Le problème d'Aladin
de Ernst Jünger

critiqué par Kostog, le 10 novembre 2018
( - 51 ans)


La note:  étoiles
L’homme qui n’a plus d’Histoire ne connaît aucun repos
Dernier membre d’une longue lignée d’aristocrates prussiens, Friedrich Bahro, le héros de notre roman, constate le déclin progressif de sa famille autrefois partie prenante de l’élite pour se déliter en individus ayant de moins en moins de fond. Attaché au style prussien, il n’est néanmoins pas un nostalgique des anciens temps servant avec application la nouvelle armée populaire dans ces territoires silésiens attribués à la Pologne. En dépit de ce sérieux, il est repéré par un adjudant qui a immédiatement senti l'aristocrate en lui et cherche à lui en faire baver.

Bien que n’ayant que peu d'enthousiasme pour les idéaux occidentaux, il passe à l’Ouest, végète un peu et se fait embaucher dans l’entreprise de pompes funèbres de son oncle à qui il assure assez rapidement un succès considérable en la transformant en multinationale gigantesque par un projet surréaliste… Le succès n’éloigne pas le spleen et les questions existentielles qui le minent.

Dans son aspect proprement romanesque, l'ouvrage d'Ernst Jünger est assez décevant. L'intrigue est davantage une mise en situation et n'attend pas de dénouement. Comme d'autres livres de Jünger, les pistes qui sont ouvertes sont avant tout des interrogations. Le problème d’Aladin dont souffre le personnage principal touche à deux questions essentielles : l’uniformisation du monde moderne encore plus avancée dans la société occidentale libérale que dans son miroir socialiste et le lien que notre société entretient avec ses morts.

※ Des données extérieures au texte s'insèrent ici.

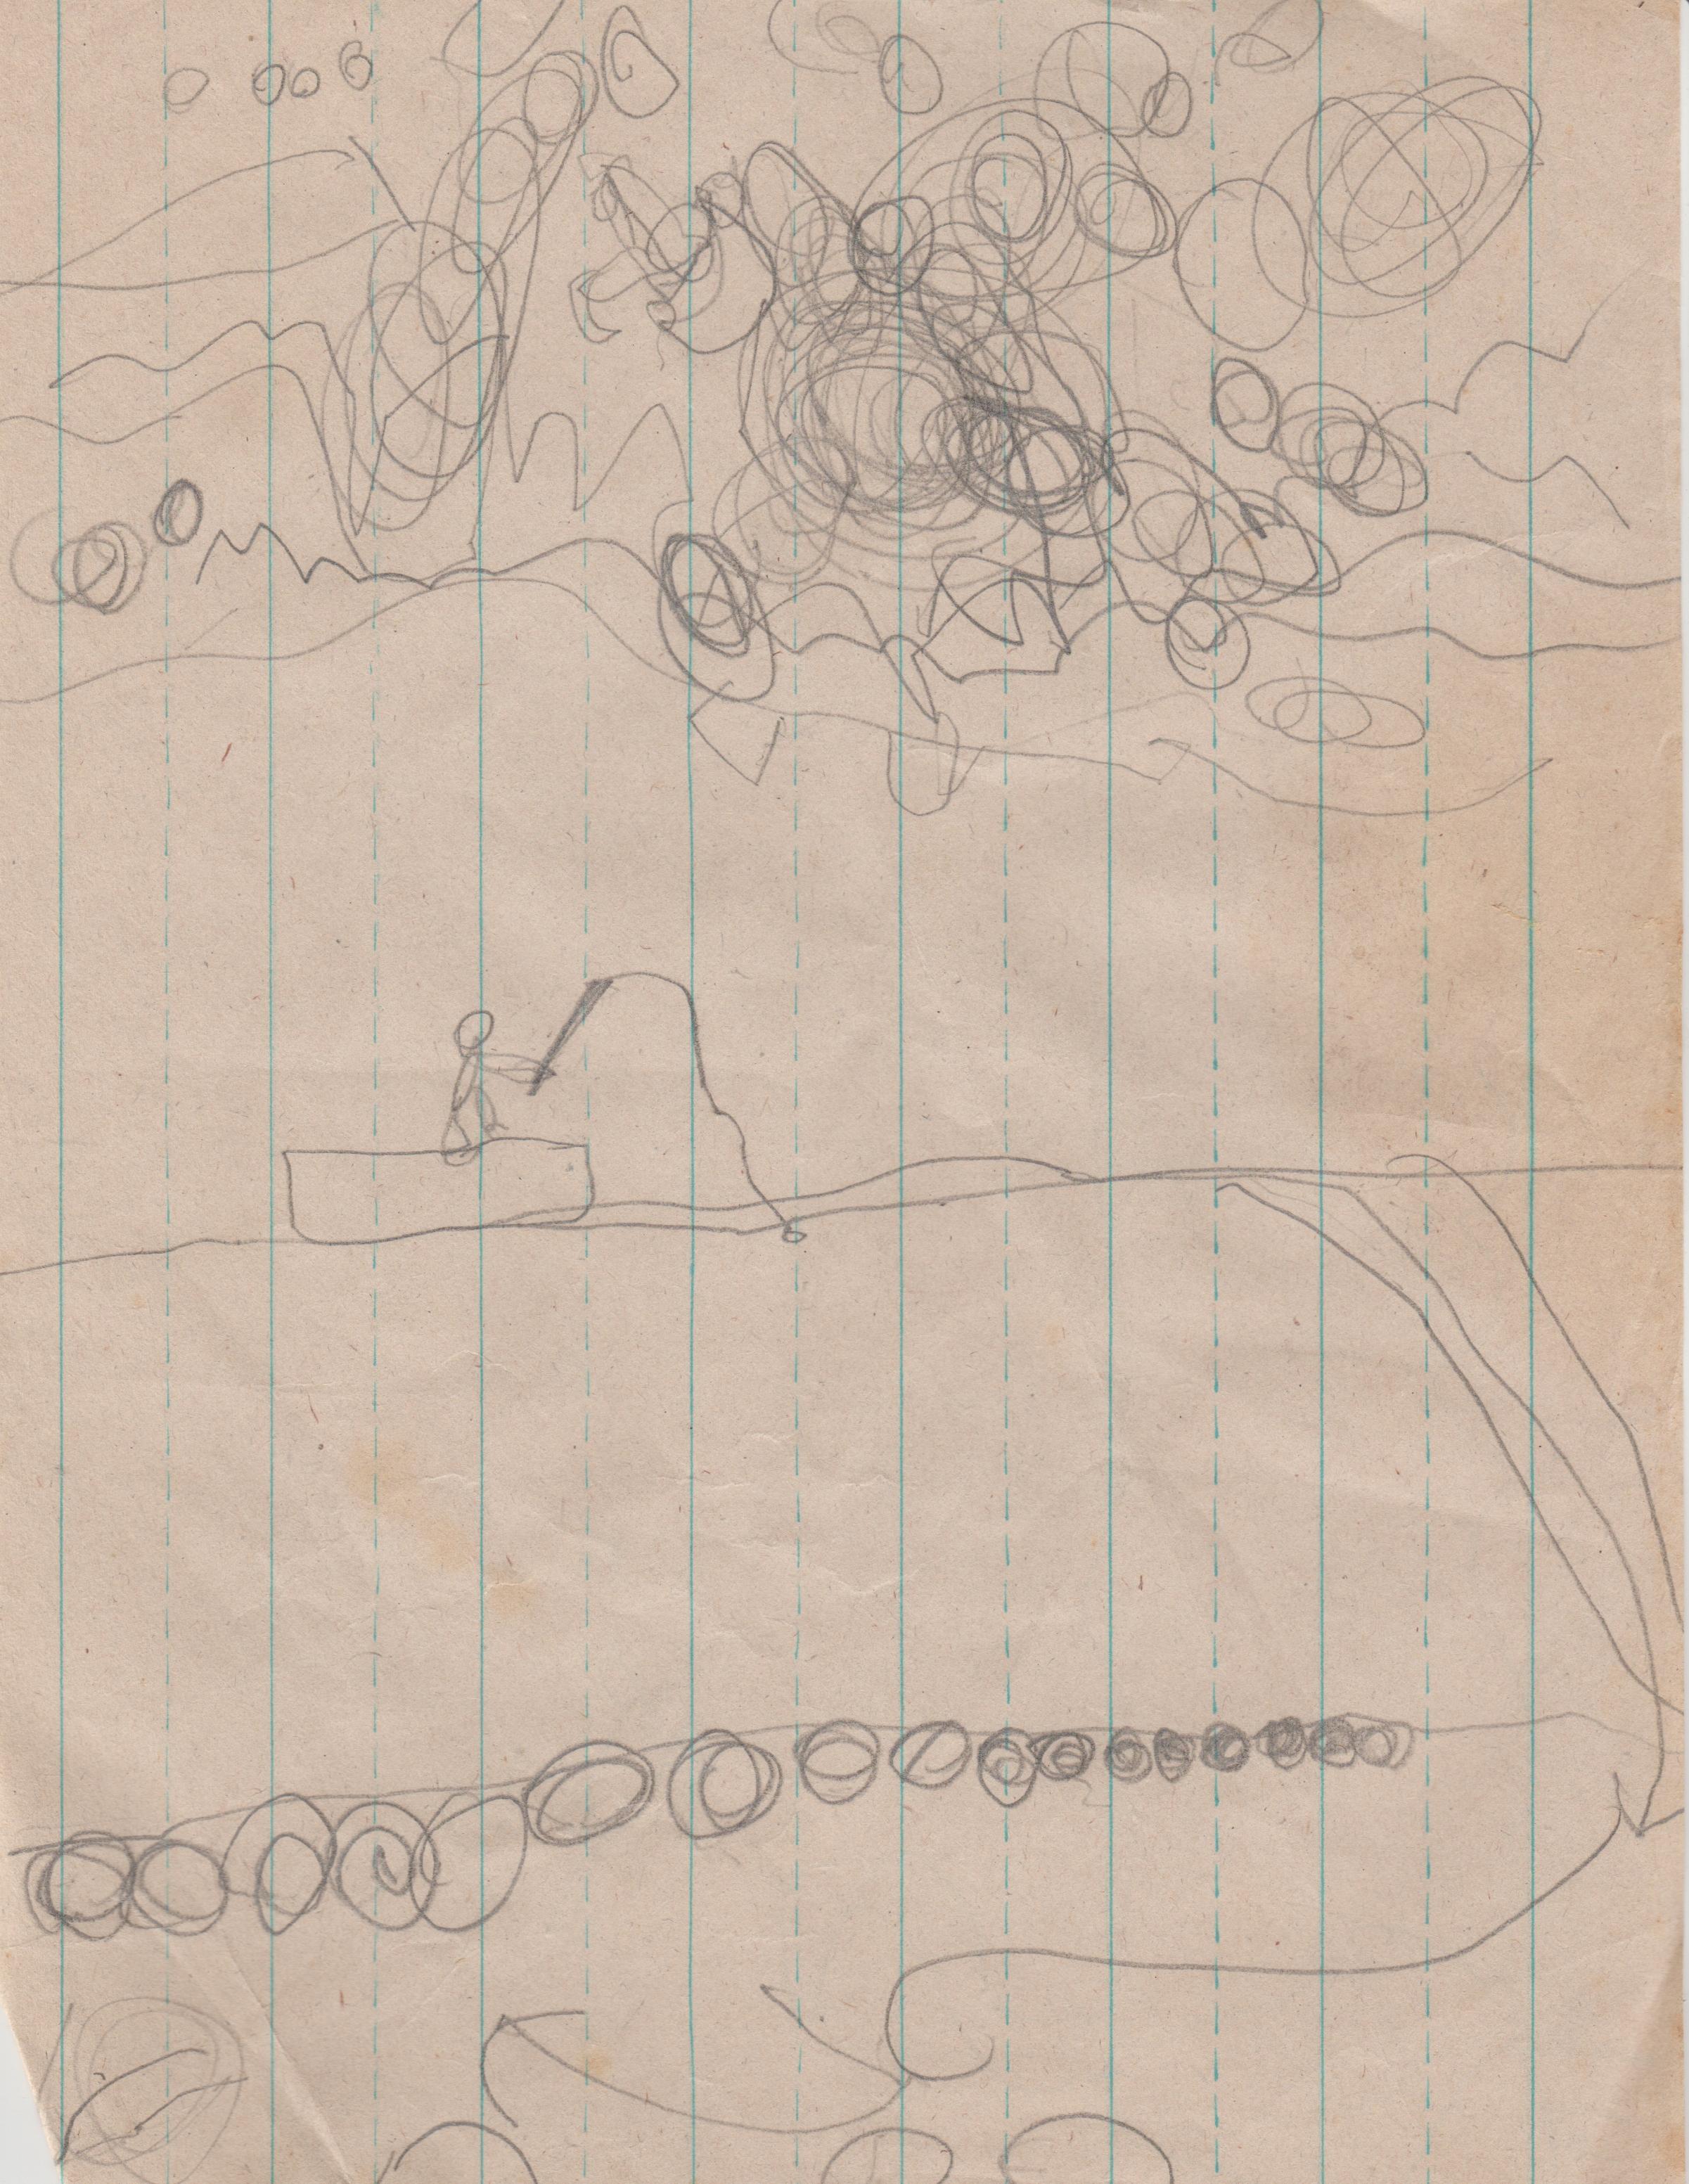 1994 maybe - Art - People, outside, house, running-1.jpg

Dans une société voulant se produire elle-même à partir de rien et dont la valeur de toute chose est l'argent, les cimetières, qui sont les marques et les fils qui nous relient au passé, deviennent des obstacles qu'il faut éliminer, la spéculation immobilière fournissant le meilleur argument pour les niveler. Ainsi, perte du passé, uniformisation du présent dans une société dominée par des technocrates se répondent.

Ernst Jünger n'écrit pas de la philosophie. Il fait mieux, il est philosophe. Et force est de constater qu’un petit ouvrage comme le problème d'Aladin a plus de substance et donne davantage à penser que la plupart des pensums écrits par nos universitaires patentés.
Propagande et statistique 7 étoiles

Dans ce court roman, Ernst Jünger revient au mitan des années 80 sur ses obsessions concernant la place de la technique et de ses épigones à savoir la statistique et de la propagande.
Ces deux instruments au service du management des entreprises marchandes, vouées à l’artificialisation du monde prennent pied dans le commerce de la mort : le narrateur, d’une vieille famille prussienne liée au métier des armes et aux habitus de l’aristocratie bascule dans la classe bourgeoise et se fait marchand. Il s’associe à un juif pour établir un projet de grande envergure : développer un lieu de sépulture pour les morts du monde entier.
C’est ainsi que ce dernier tabou, celui de la mort avec toutes ses dimensions spirituelles est attaquée par le règne du profit et des affaires. Comme une malédiction n’arrivant jamais seule, le narrateur connaît dans son mariage la longue agonie de l’ennui, comme une fatalité du mariage bourgeois que Jünger n’a cessé de dénoncer au cours de sa vie, non pas dans ses écrits mais surtout dans sa vie.
Ce n’est clairement pas la meilleure production de Jünger, on s’y ennuie même parfois à sa lecture, mais ce petit Problème d’Aladin a le mérite d’enfoncer un nouveau clou dans ce modèle libéral qui s’empare de toutes les dimensions de nos vies. C’est un problème en effet, la source sans doute de tous les maux qui accablent l’humanité.